Marketers need to be comfortable with ambiguity, says McDonald’s Richard Murphy
Mcdonald’s CVP of digital, growth and foundational markets Richard Murphy called on marketers to become more comfortable with the uncertainties of technology, citing the adage “it’s no longer the big that eat the small, it is the fast that eat the slow.".
OMD and McDonald's at Spikes
Murphy was speaking alongside Stephen Li, chief executive at OMD APAC, about the anatomy of fear in the context of modern, risky marketing strategies at Spikes Asia today. The discussion focused on the ways in which brands like McDonald’s can start to become more comfortable with unknowns.
Murphy, said: “We know the outcomes but don’t know how to get there all the time.

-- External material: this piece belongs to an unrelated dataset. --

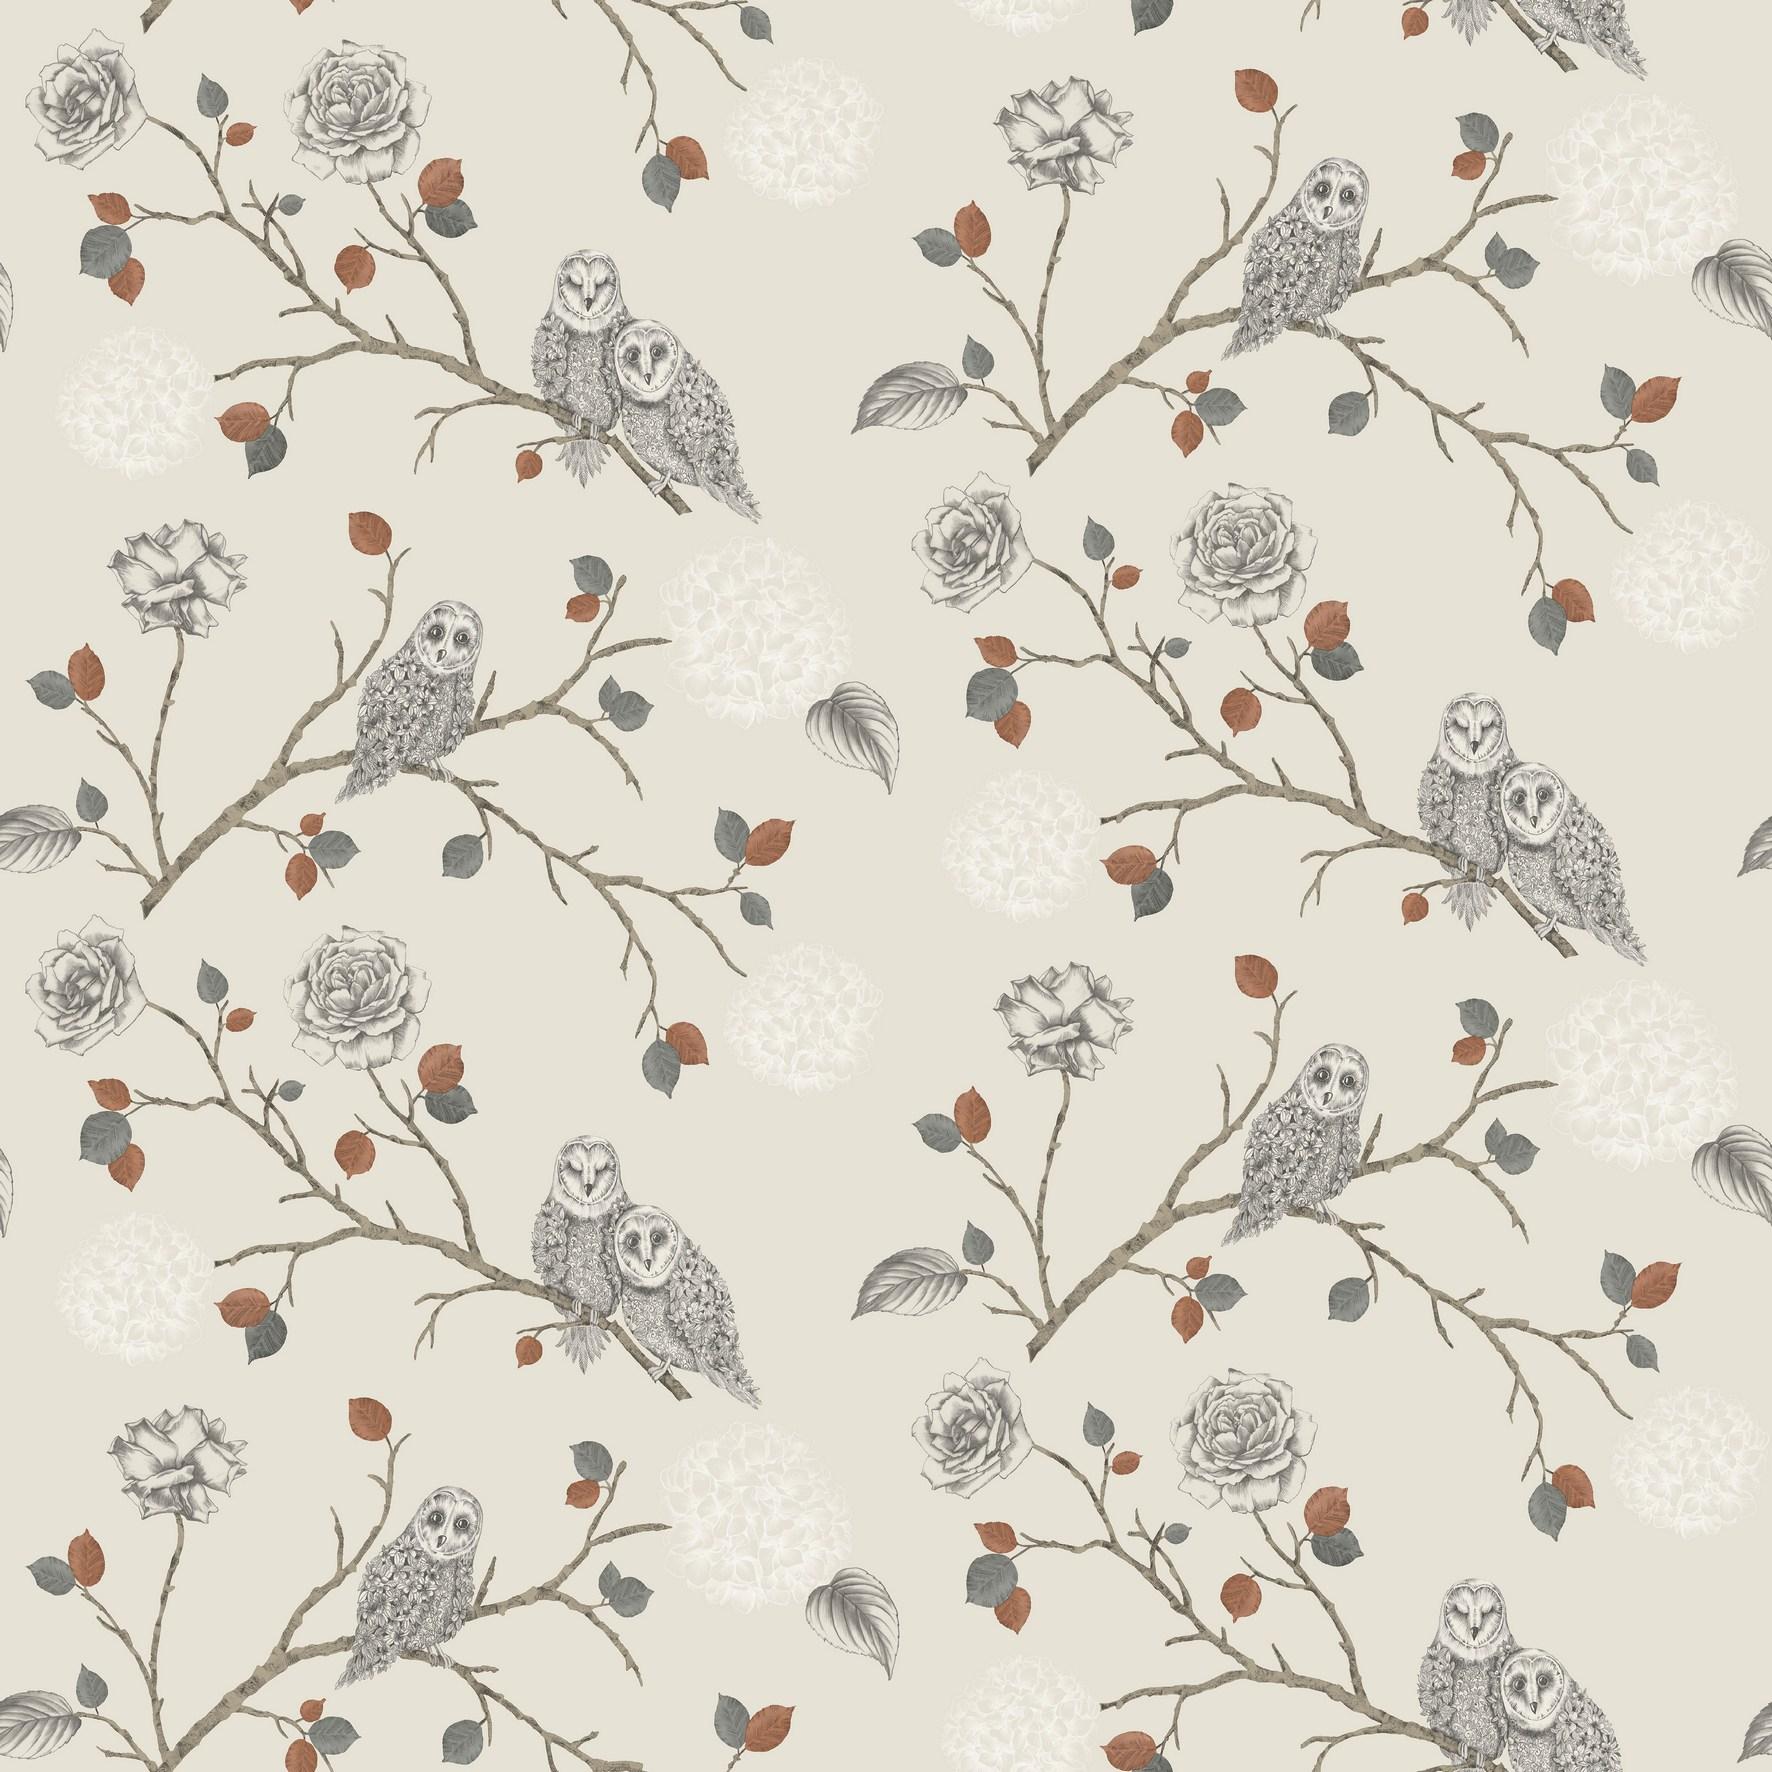 Shop Enchantment Range Night Owl Night Owl Copper Wallpaper 1772x1772

This makes me feel nervous and fearful because I don't have the data points to make the decisions. It is about being comfortable with ambiguity, the idea of being able to fail fast and go again. As you do that you have to focus on key points like sales targets, brand engagement targets and ROI because it helps us focus on how we get there.”
He said that an important difference in being brave and being reckless came down to planning for the failures.
“A lot of it comes down to the best judgment we can make with data and asking ‘what are the consequences?’ and having backup plans. You go from fearless into reckless when you don’t do that, particularly when multi million pound budgets are at stake. We need to become comfortable with ambiguity and turn it round by asking ‘under what circumstances would that be ok?’ It’s about asking how make it right not ‘why should we not do this?’”
With a small number of vocal marketers giving similar rallying calls but the majority of marketers remaining risk-averse, Li closed on a remark that many in the industry would agree with: “If we could have more clients being that way, and not just when sitting on stage, then that would be better for all of us.”